| AIM OF THE EXERCISE |
Pictures aside, return every line below exactly as written.

| DATA BLOCK |
=====

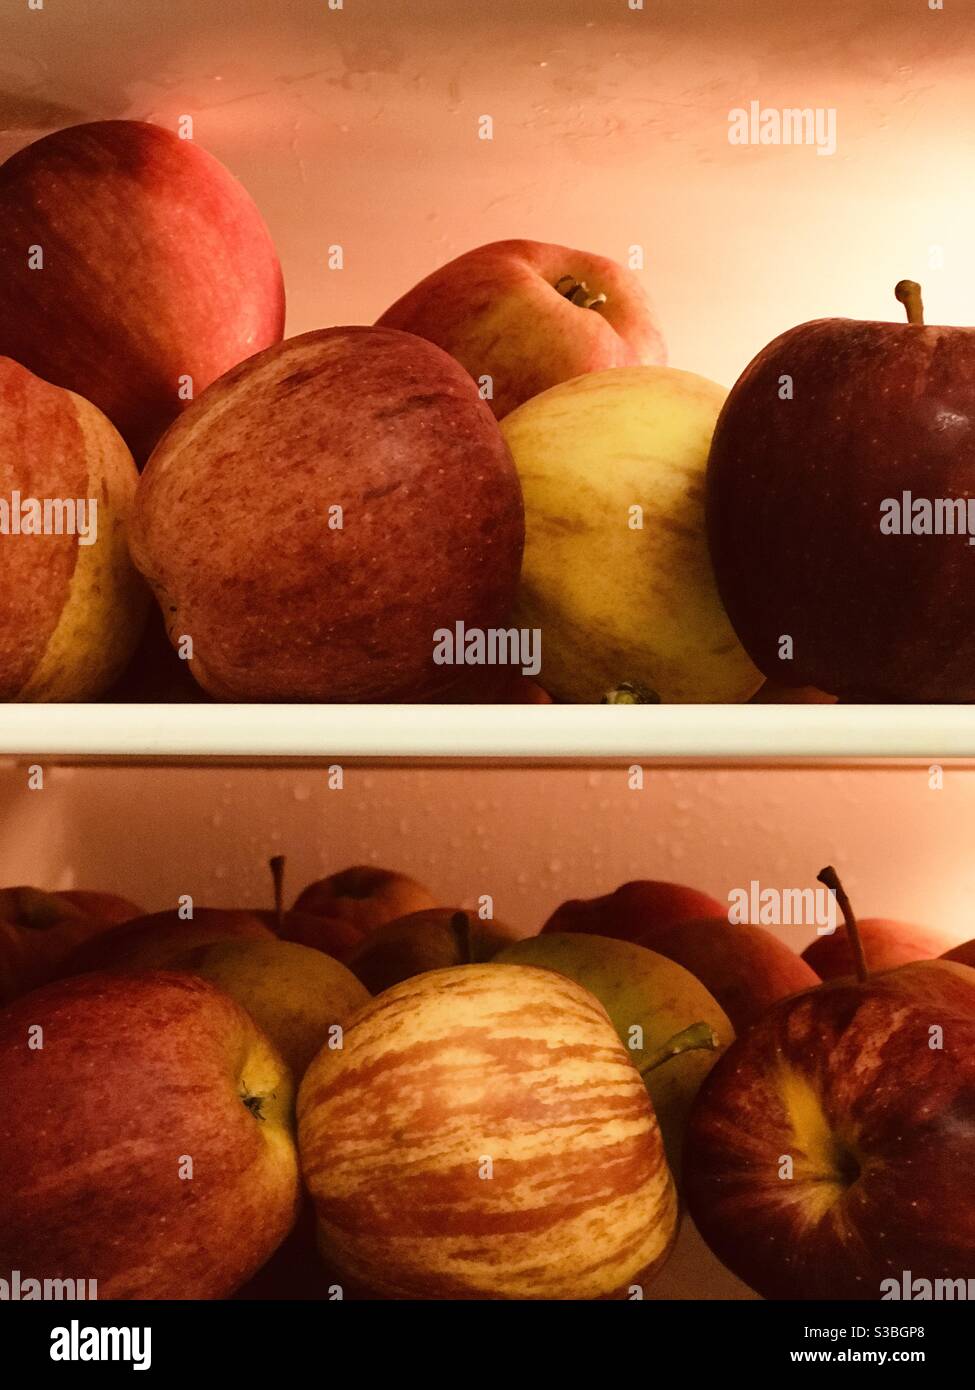 fresh apples on fridge shelves Stock Photo
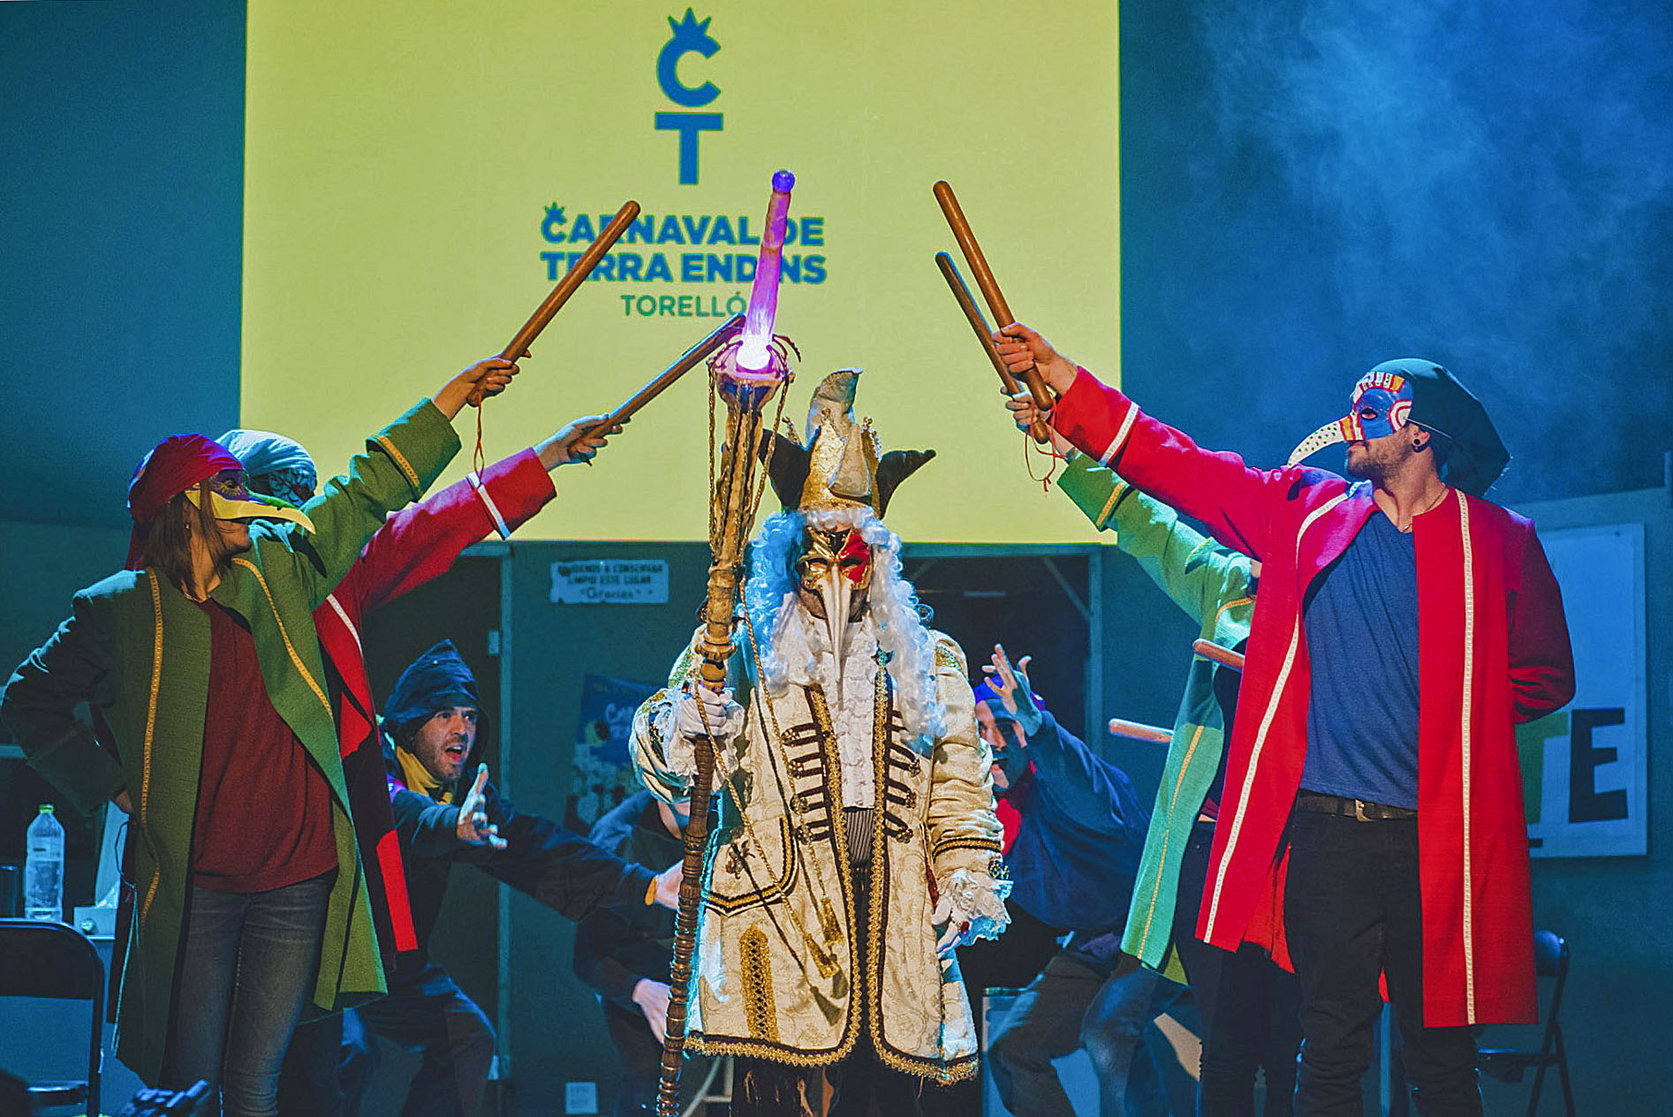 Aquest dijous comença el gruix d'actes destacats del 39è Carnaval de Terra Endins
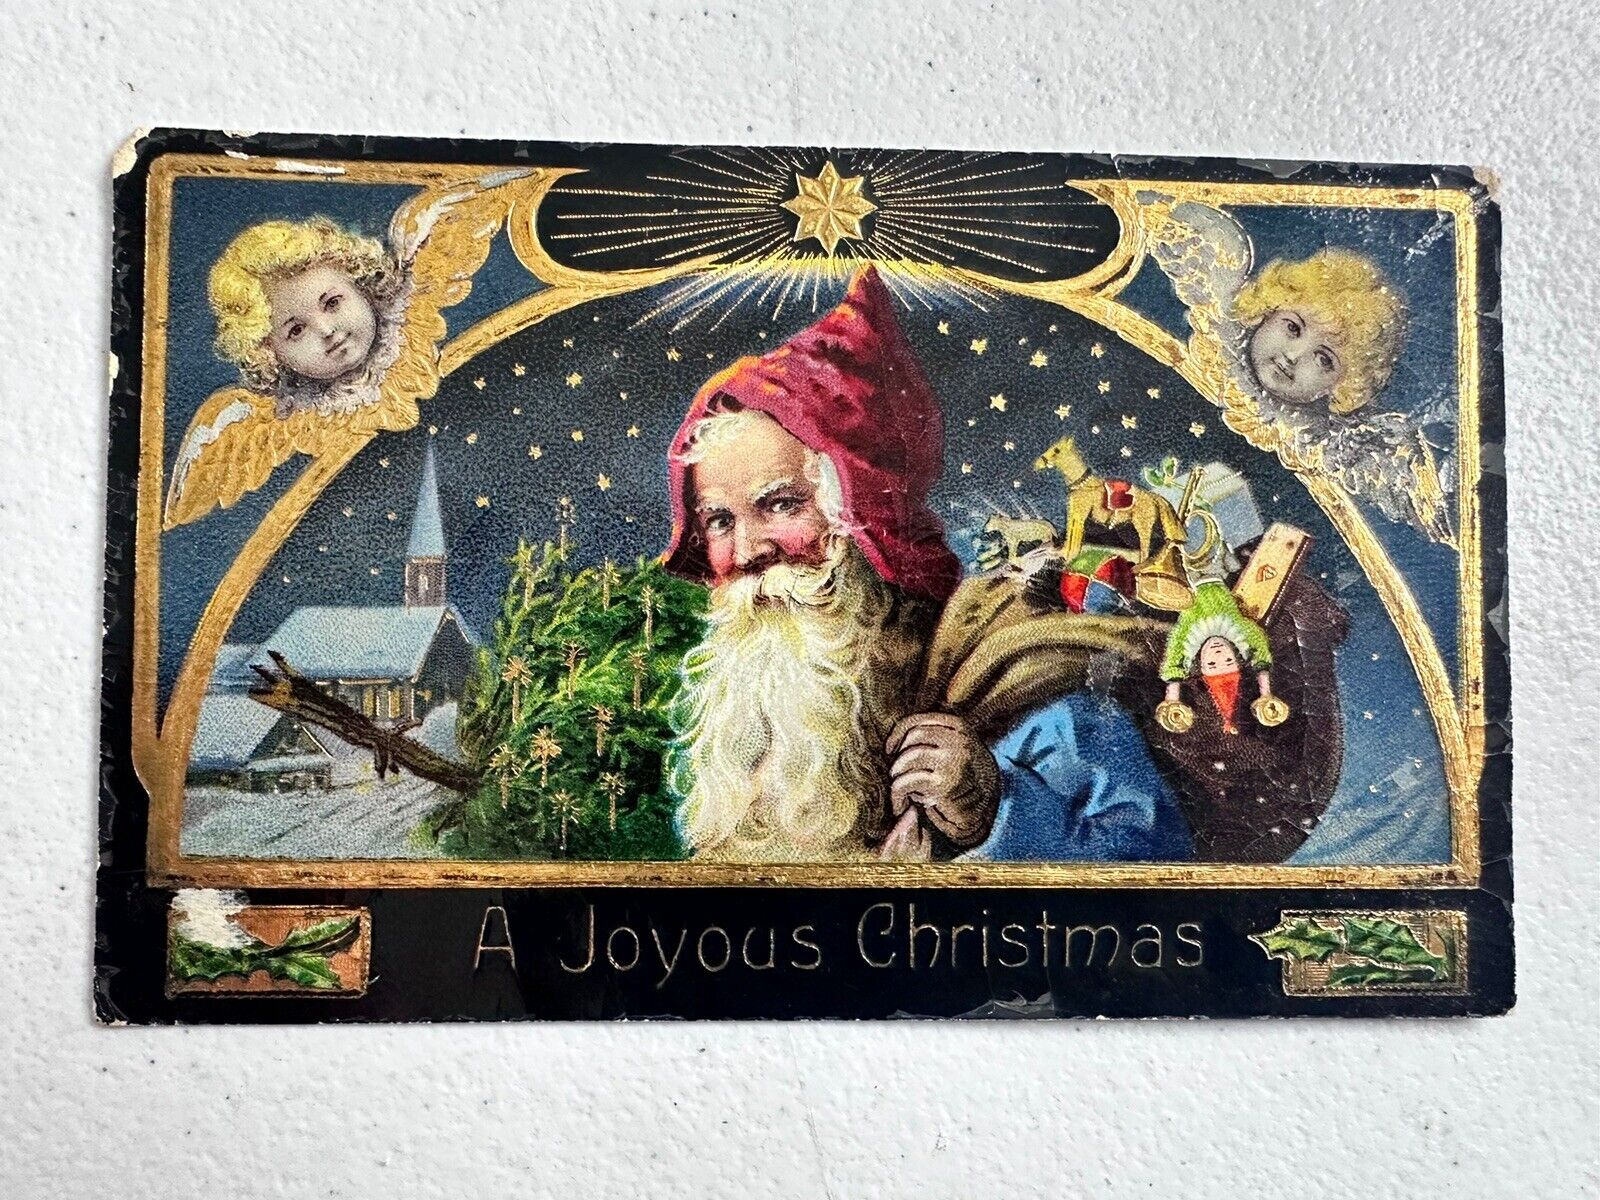 Rare Blue Coat Santa 1911 Christmas Postcard, Angels & Gold Stars, Collectible

=====

| RESPONSE FOR THIS EXERCISE |
 fresh apples on fridge shelves Stock Photo
 Aquest dijous comença el gruix d'actes destacats del 39è Carnaval de Terra Endins
 Rare Blue Coat Santa 1911 Christmas Postcard, Angels & Gold Stars, Collectible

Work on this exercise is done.